While working on my latest novel, THE LINK, I realized I had to go back and study scenes. Which at first, I thought, blah. But I found a few sites that were helpful, and used my notes from great writing teachers to fill in the rest.
Below is what I discovered. Spice up your chapters by adding more interesting and complex scenes.
Setting: Where are we? Well, where are your characters? Use your senses: Sights? Sounds? Colors? Textures?
Atmosphere/Mood/Tone: The Atmosphere is usually created by the characters emotions and feelings. The Mood is how the reader feels when he/she is reading the words. And the Tone is the writer's attitude that comes through her/his writing.
Voice: This is what makes the author's writing unique. It's the style, attitude, personality of the ms.

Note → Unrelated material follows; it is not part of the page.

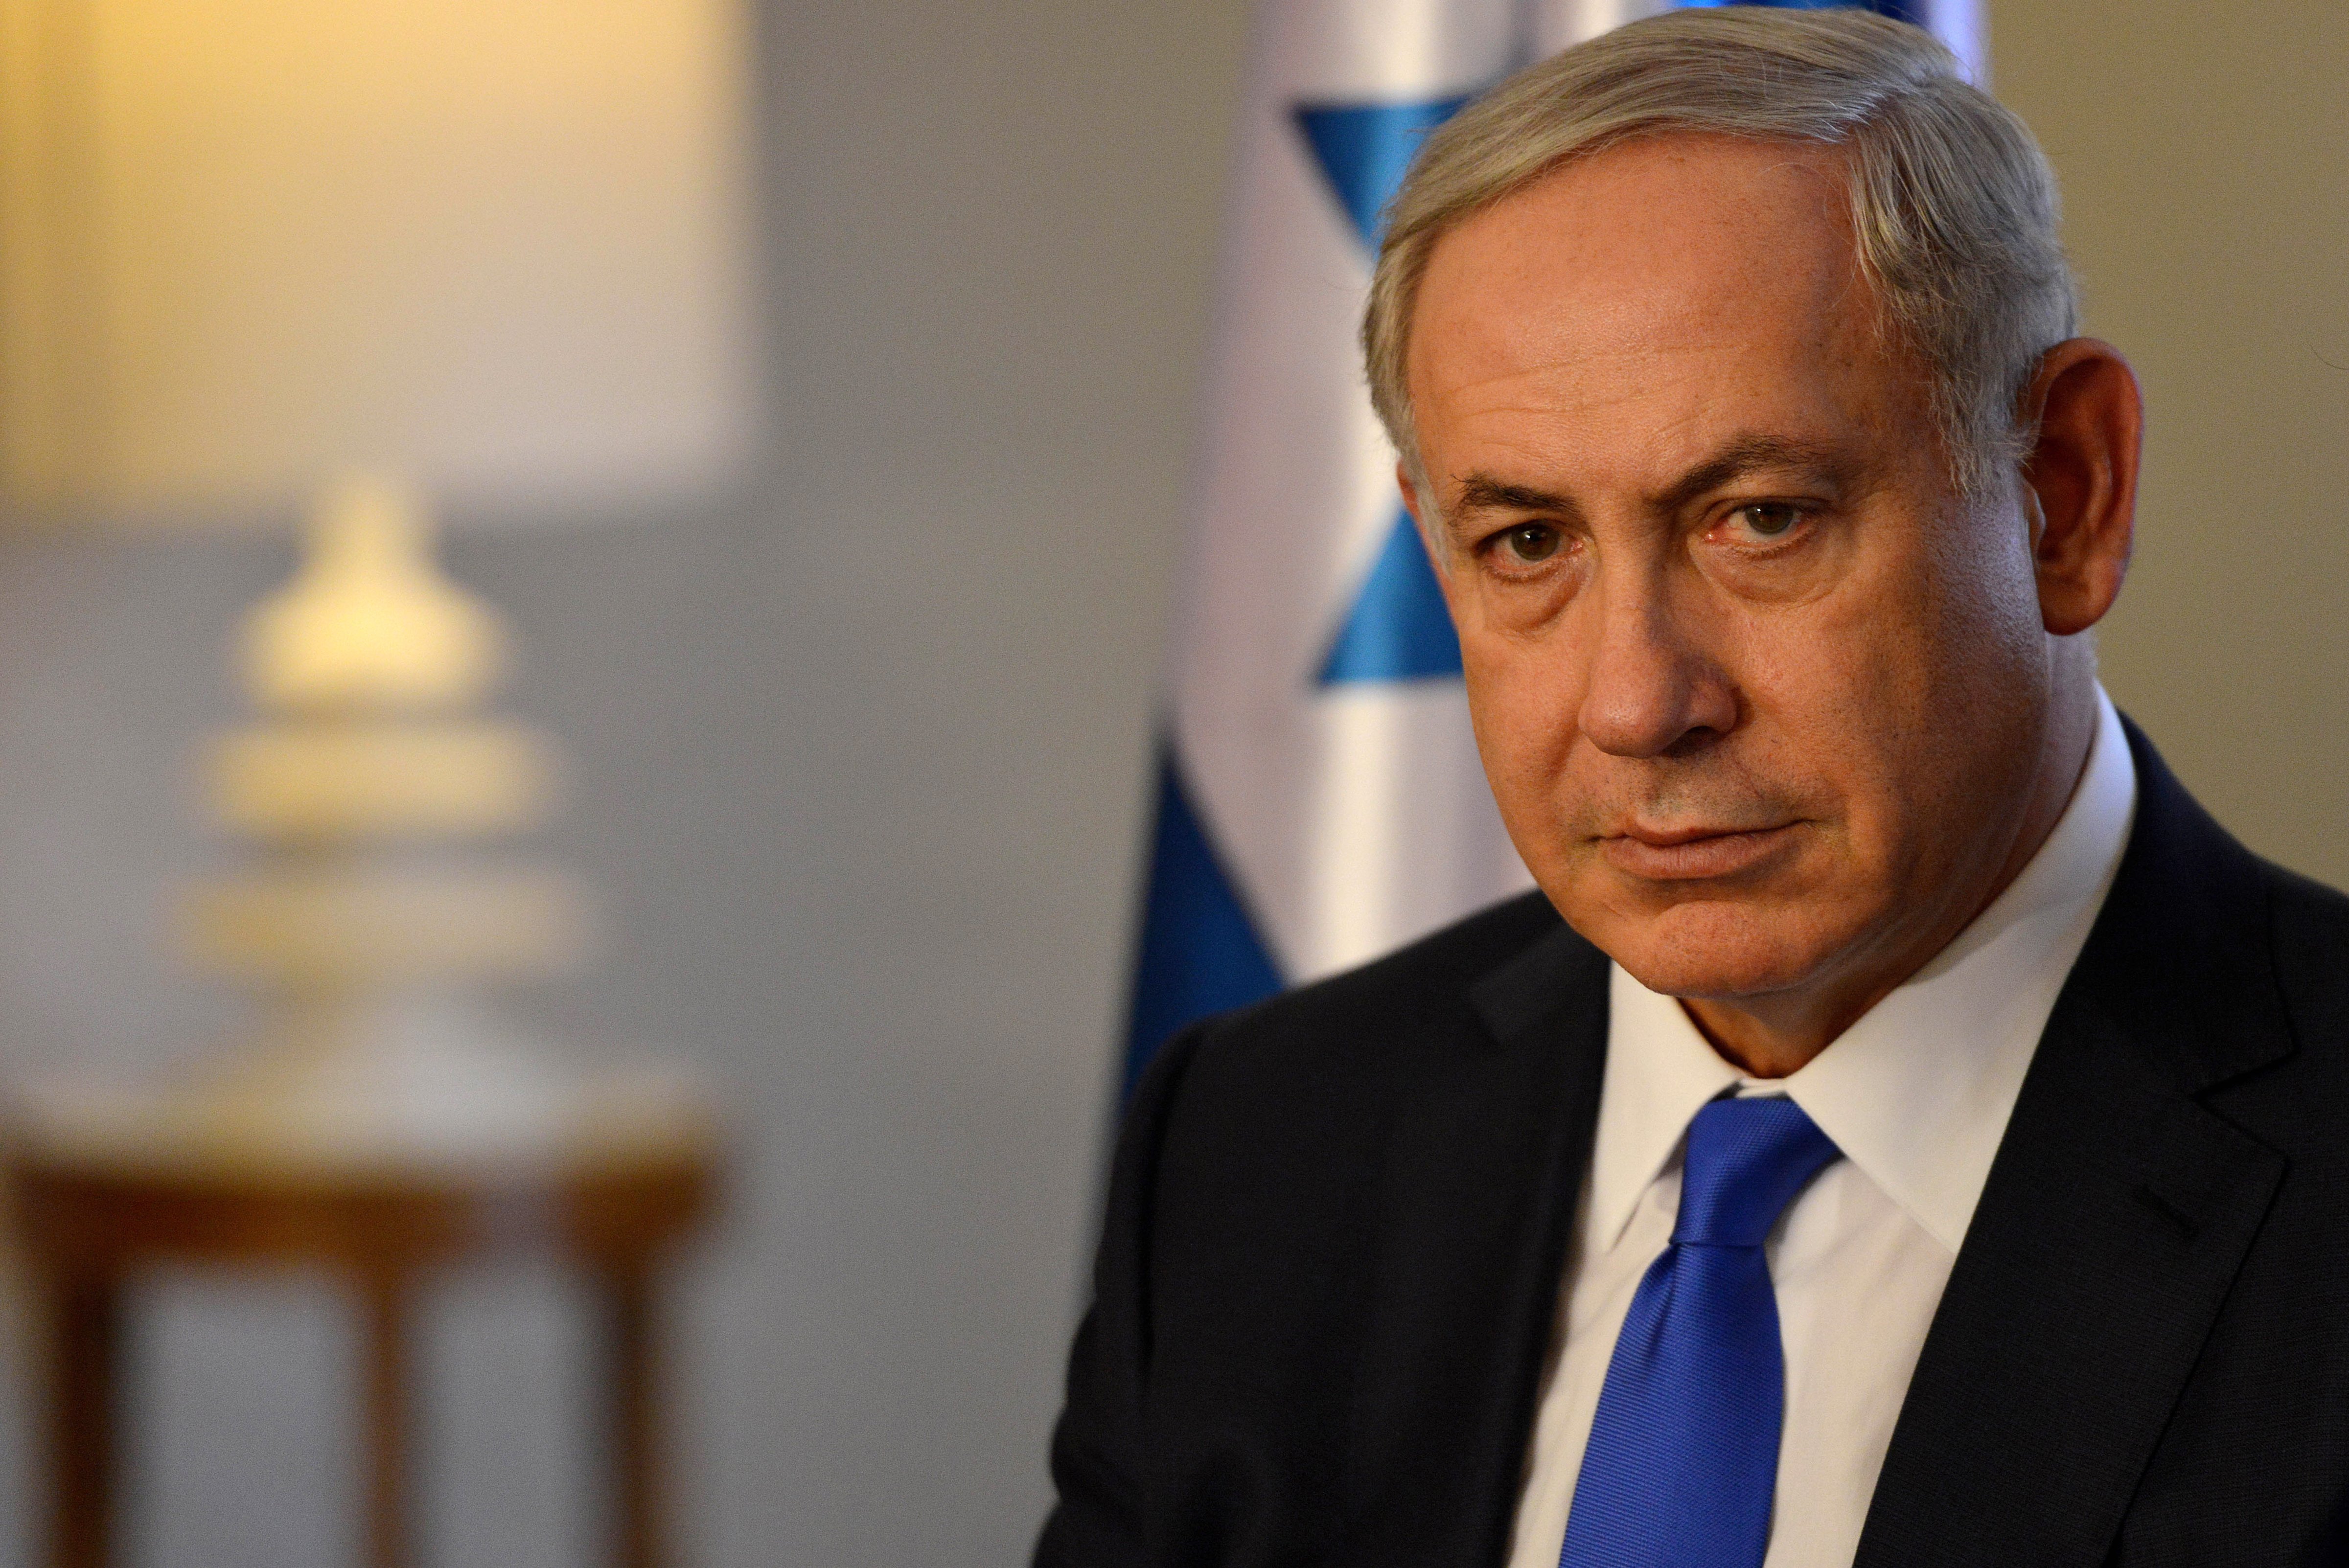 Israeli Prime Minister Benjamin Netanyahu is seen prior to bilateral talks

Introduction: Who are all the players? What's the big issue?
Transition: How do you move the reader and your characters from one place to another? Do it swiftly.
Preparation: What will it take to prepare for the task at hand?
Investigation: The reader needs information and so does your character. How do they gather it? What is it? Is it revealed slowly, or dumped in someones lap?
The Prize: Something is given to, or found by the main character that can help she or he. It can be used as a weapon, or to uncover the key to what they need.
Escape: Your character must try to escape something. This could be escaping from his or herself. Or this could mean running from bulls. Whatever it is, they must try to get away.
Pursuit: The tables are turned and the character is now going after something. Think Finding Nemo when Marlin, severely afraid of the sea, loses his son and goes out on his own to find him.
Seduction: The convincing moment. Someone is trying to get someone else to believe in something - could be true, could be false.
Love: Does it need an explanation? When two characters come together, and um...kiss, make out, flirt, fall in love. The main character must learn something from this interaction.
Reversal of Expectations: In the beginning the character expects something or wants something and then something happens to reverse this thought or expectation entirely.
Unexpected Visitor: Oh no, not Aunt Mae. Someone unexpected or unwanted shows up and does something to send the character into action.
So, make sure your settings are believable. Know the surroundings that you place your characters in. Know how they will react to an unexpected visitor, or how they would prepare for a big day, and how they move from one scene to another. Make these choices when you write, and your writing will be stronger.